Is this the one you have? If so you might check out to see if a Delta dust chute might work for you. I have a delta and it looks a lot like this picture...............


----------



## Bleedinblue (Mar 4, 2014)

It's close to that one, but not quite. Mine is closed off on the top.









The cardboard and duct tape would certainly be light weight! lol If I don't find anything else, that might be a short term solution while I watch Ebay for one of the old chutes made for the planer.


----------



## jdonhowe (Jul 25, 2014)

I made a chute for my older Delta planer, using some thicker sheet metal (from the side panel of a discarded washing machine, to which I attached a register boot, 3"x10" and a 4" round outlet. I lined the perimeter with foam strip insulation to reduce vibration and air leaks.

At first I used an reducing adapter to fit my Ridgid shop vac, but chips always clogged inside the chute; no problems with a 4" hose connected to a DC. Shop vacs don't generate enough airflow for a planer (at least one with a homemade chute).

I think you might have mechanical issues with a cardboard setup- not enough strength/rigidity to attach a hose.


----------



## Maylar (Sep 3, 2013)

Kansas Gary said:


> Is this the one you have? If so you might check out to see if a Delta dust chute might work for you. I have a delta and it looks a lot like this picture...............
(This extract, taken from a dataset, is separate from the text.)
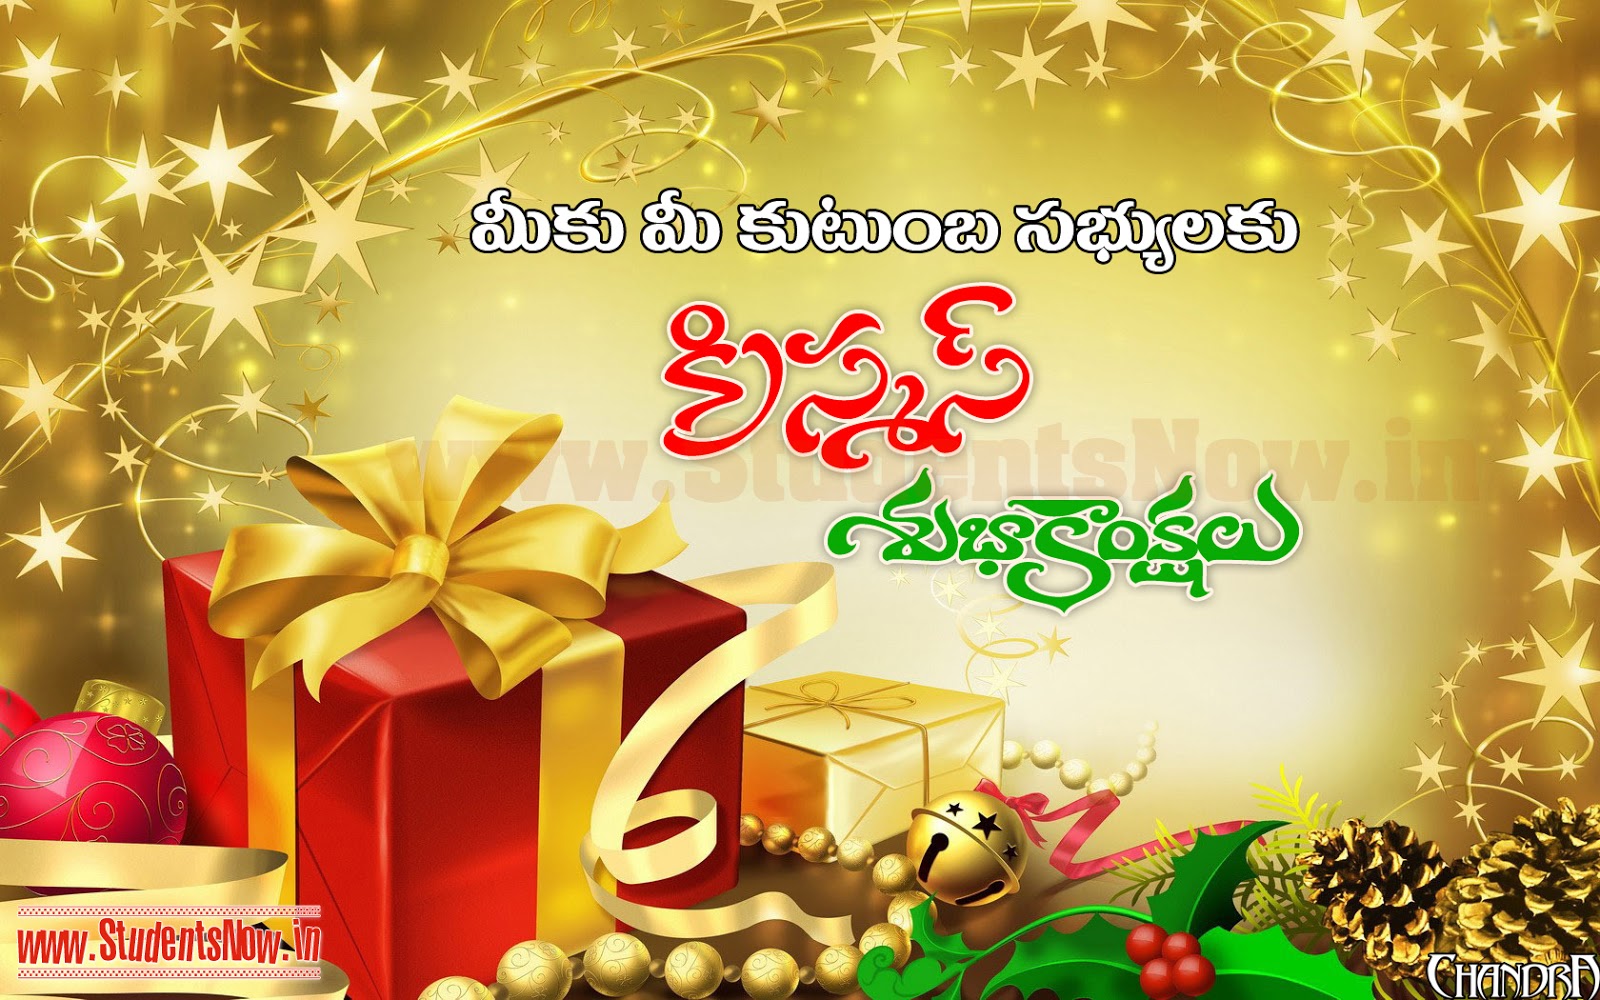 http://4.bp.blogspot.com/-ohiTx8lIMXc/UNXNkyZtEQI/AAAAAAAAQI0/-aMOMsx-Yug/s1600/Christmas+Greetings+Telugu+-+StudentsNow.n..jpg

I have an older Delta 12-1/2" machine and the dust hood is no longer available. One sold on eBay a few months ago and I was outbid at $85. I've been thinking of fabricating something out of sheet metal or thin plywood... it's on the never ending list of projects.


----------



## walnutavenue (Nov 9, 2011)

Same idea, slightly different parts:

I too used sheet metal to make a cover plate that attaches with thumb screws, just like the original guard. To create a port, I used a rubber boot with an aluminum collar for sealing roof vents. The aluminum collar bends easily to fit the corner of the cover, with the help I some silicone and rivets. The rubber collar is tapered, so you can cut it for whatever size you need. In my case, I learned that a 3" PVC coupler has an outside diameter of just under 4"... perfect to slip on a flexible 4" dust collector hose.


----------



## Bleedinblue (Mar 4, 2014)

There is a guy selling chutes that fit the updated model of my planer. The mounting holes are different, but I'm thinking it is probably about the right size. I might buy that and build an adapter of sorts to make it fit.

I'm glad to see I'm not the only one who has had this problem, lol. Nice work guys.


----------



## Steve Neul (Sep 2, 2011)

You might talk to a heating and air company or a sheet metal shop. A shoot for a planer isn't that much different than the ceiling boxes they fabricate on a daily basis.


----------